阅读documentation 后，我了解到HTML::TokeParser 中的每个标记都有一个与之关联的类型。有六种类型：S、E、T、C、D 和 PI。医生说：
此方法将返回在 HTML 文档中找到的下一个标记，或者文件末尾的undef。令牌作为数组返回参考。数组的第一个元素将是一个字符串，表示此标记的类型：“S”表示开始标签，“E”表示结束标签，“T”表示文本，“C”表示注释，“D”表示声明，“PI”表示过程指示。令牌数组的其余部分取决于类型这个：
```
["S",  $tag, $attr, $attrseq, $text]
["E",  $tag, $text]
["T",  $text, $is_data]
["C",  $text]
["D",  $text]
["PI", $token0, $text]
```
我们想要访问存储在这些令牌中的$text，因为没有其他方法可以获取看起来像 HTML 标记的内容。因此，我创建了一个dispatch table 来在%dispatch 中处理它们。它存储了一堆稍后调用的代码引用。
我们从__DATA__读取文档，方便这个例子。
首先，我们需要使用get_tag方法获取<td>s。 @nrathaus 的评论向我指出了这一点。它会将解析器移动到打开<td> 之后的下一个标记。我们不关心 get_tag 返回什么，因为我们只想要 <td> 之后的令牌。
我们使用方法get_token 来获取下一个令牌并用它做一些事情：
- 但我们只想这样做，直到找到相应的关闭</td>。如果我们看到这一点，我们将next 标记为TD 的外部while 循环。
- 此时，continue block 被调用并打印一个换行符。
- 如果我们没有走到最后，奇迹就会发生：调度表；正如我们之前看到的，令牌数组 ref 中的第一个元素包含类型。在%dispatch 中，每种类型都有一个代码参考。我们调用它并通过 $coderef->(@args) 传递完整的数组 ref $token。我们在当前行打印结果。
  
  这将在每次运行中生成<strong>、foo、</strong> 等内容。

请注意，这只适用于一张桌子。如果表中有一个表（例如<td> ... <td></td> ... </td>），这将中断。您必须对其进行调整以记住它的深度。
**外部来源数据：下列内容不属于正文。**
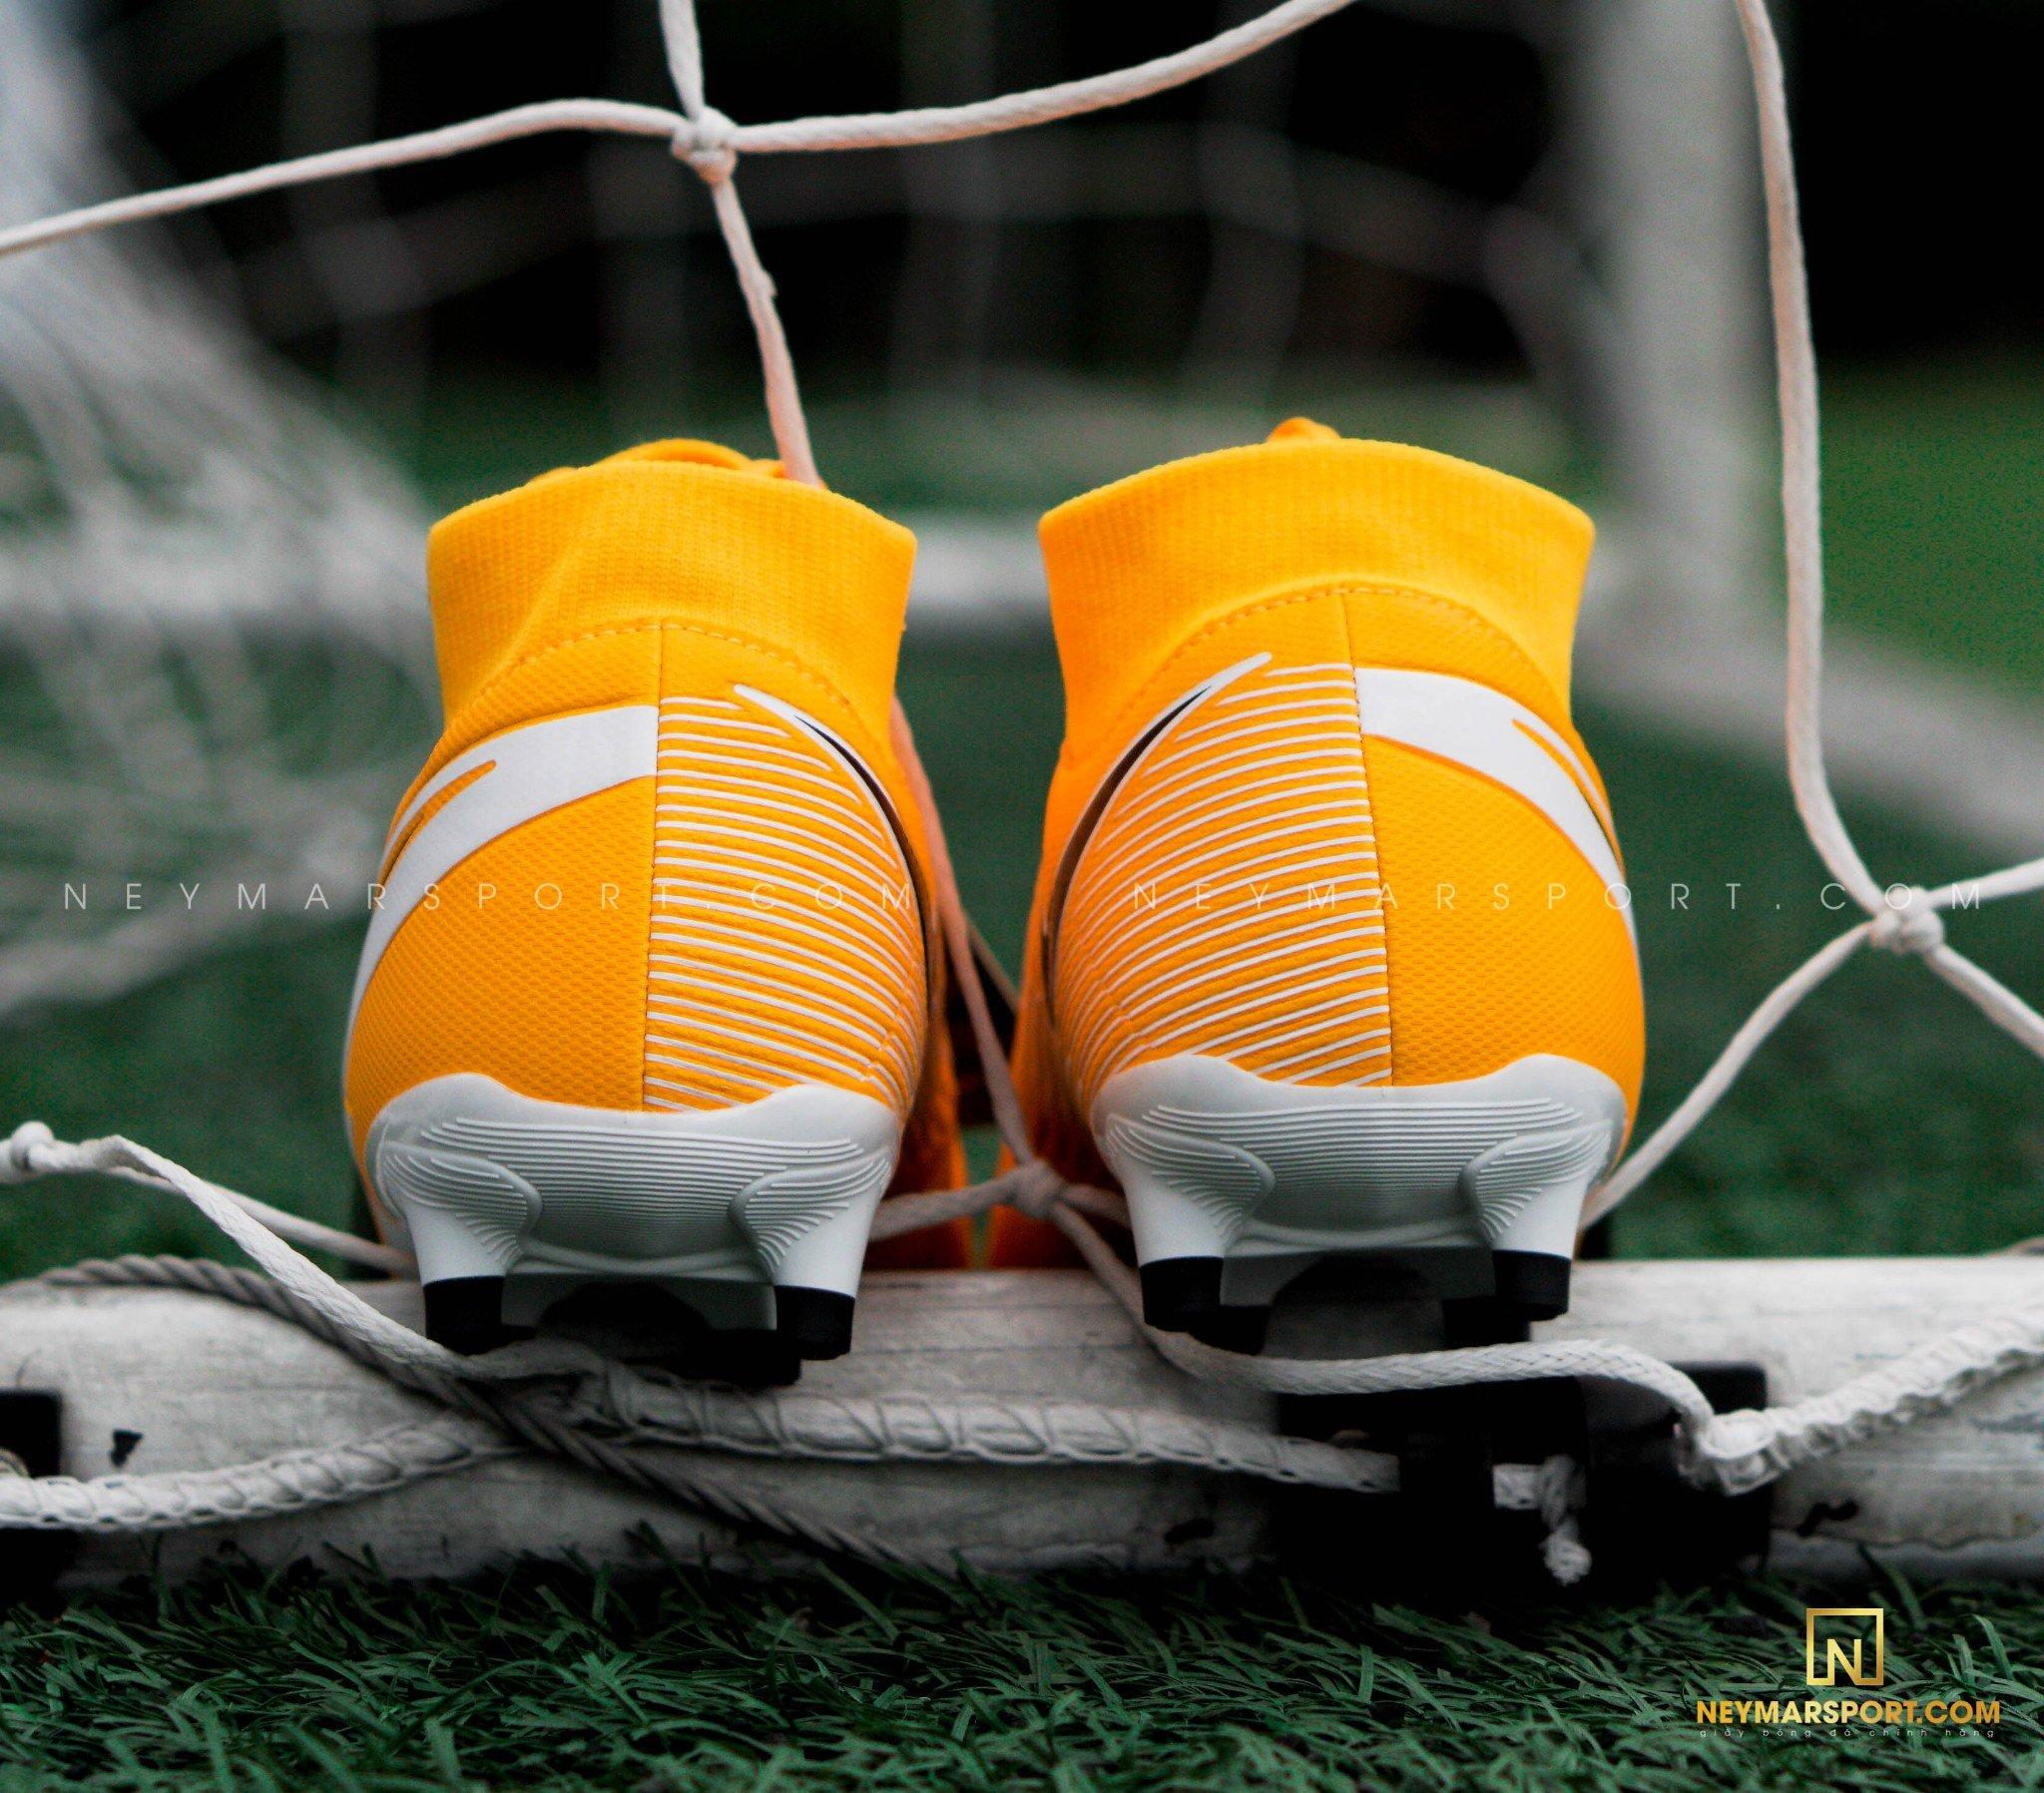 Những mẫu giày cỏ tự nhiên mới lên kệ tại Neymarsport Tháng 10
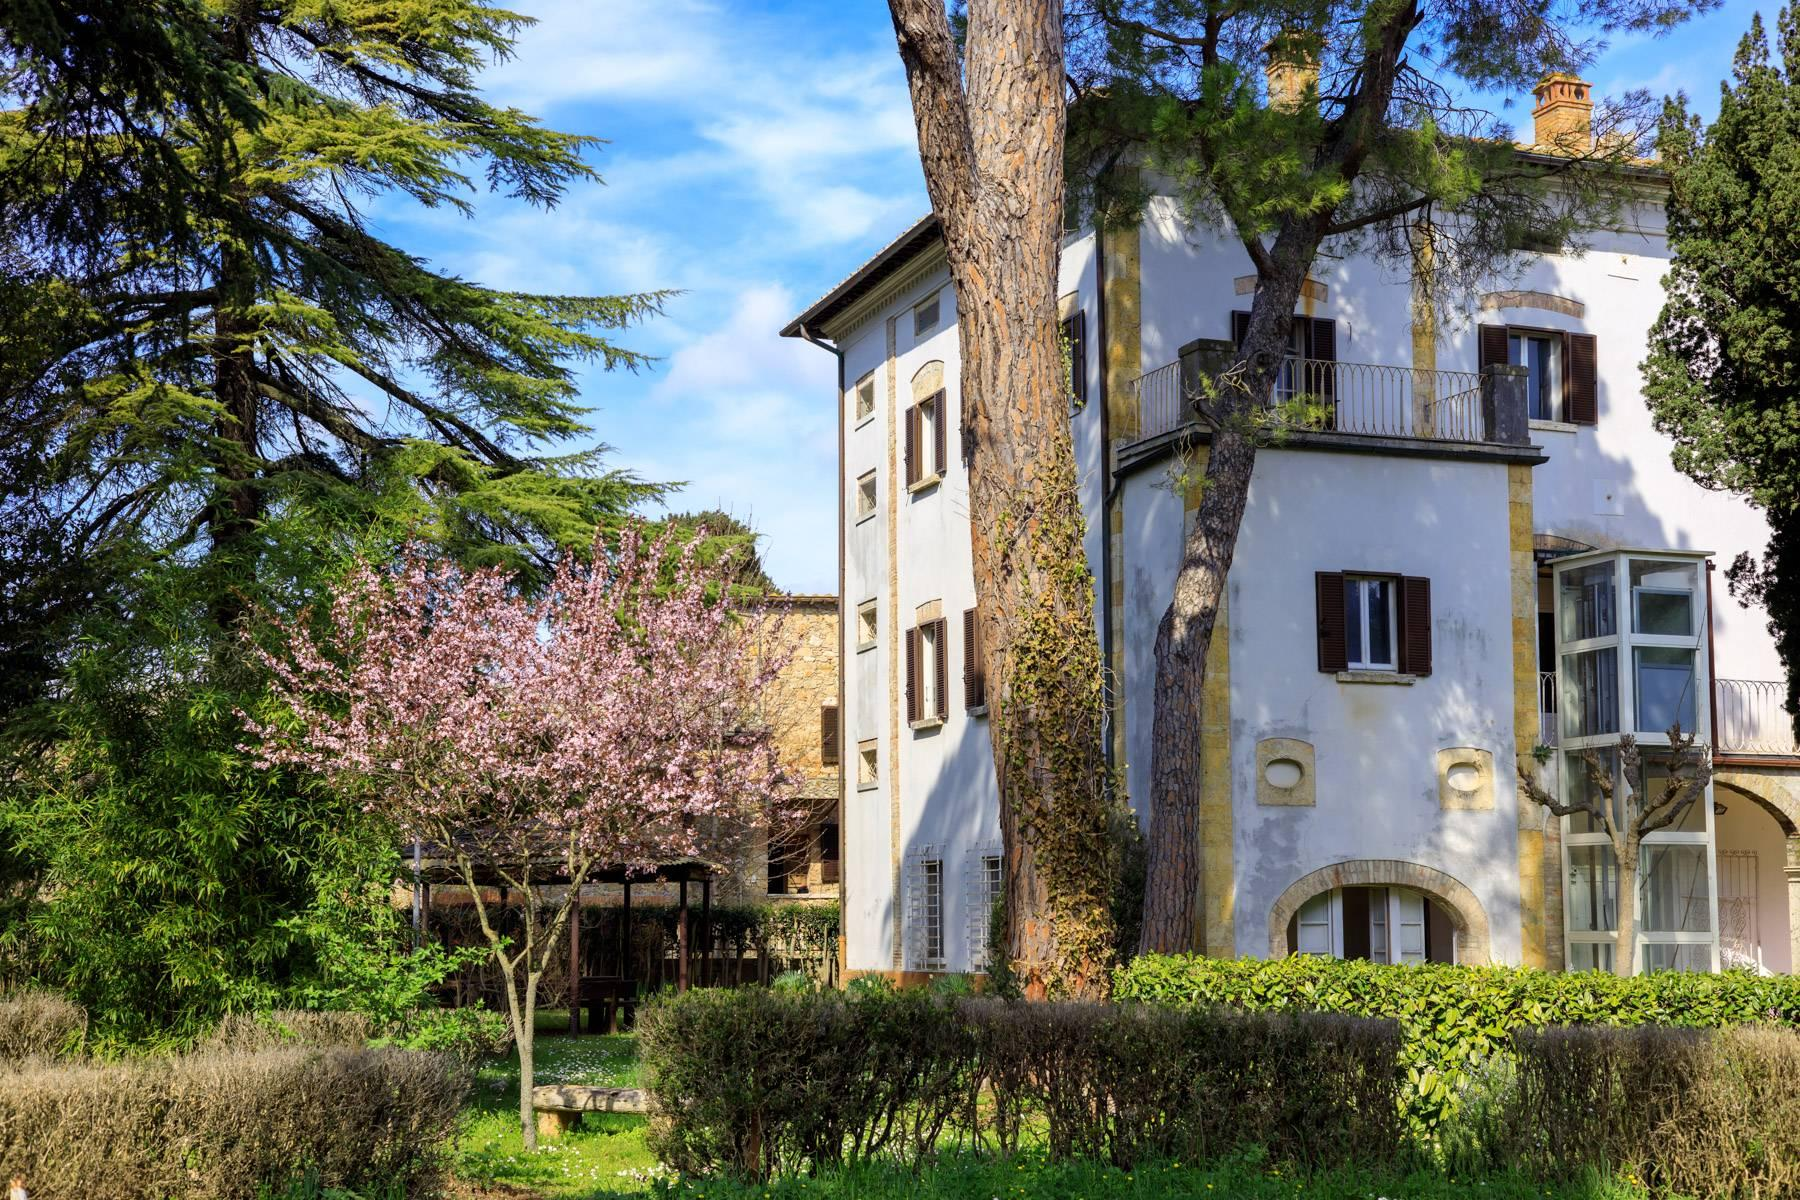 Prächtige historische Villa mit neoklassizistischer Kapelle und Park - 30

另一种方法是使用miyagawa 出色的Web::Scraper。这样，我们的代码就少了很多：

#!/usr/bin/perl
use strictures;
use Web::Scraper;
use 5.012;

my $s = scraper {
  process "td", "foo[]" => 'HTML'; # grab the raw HTML for all <td>s
  result 'foo'; # return the array foo where the raw HTML is stored
};

my $html = do { local $/ = undef; <DATA> }; # read HTML from __DATA__
my $res = $s->scrape( $html ); # scrape

say for @$res; # print each line of HTML

这种方法还可以像魅力一样处理多维表格。

【讨论】：

不客气。这是一项有趣的任务。 :) 你想用这个实现什么？
好吧，我有点喜欢 tokeparser。在 CPAN 中有这么多这样的模块，我真的很头疼试图选择一个。所以我只是尝试使用一种解析工具，至少现在是这样。我正在尝试将嵌套在 td 中的标签更改为分隔符。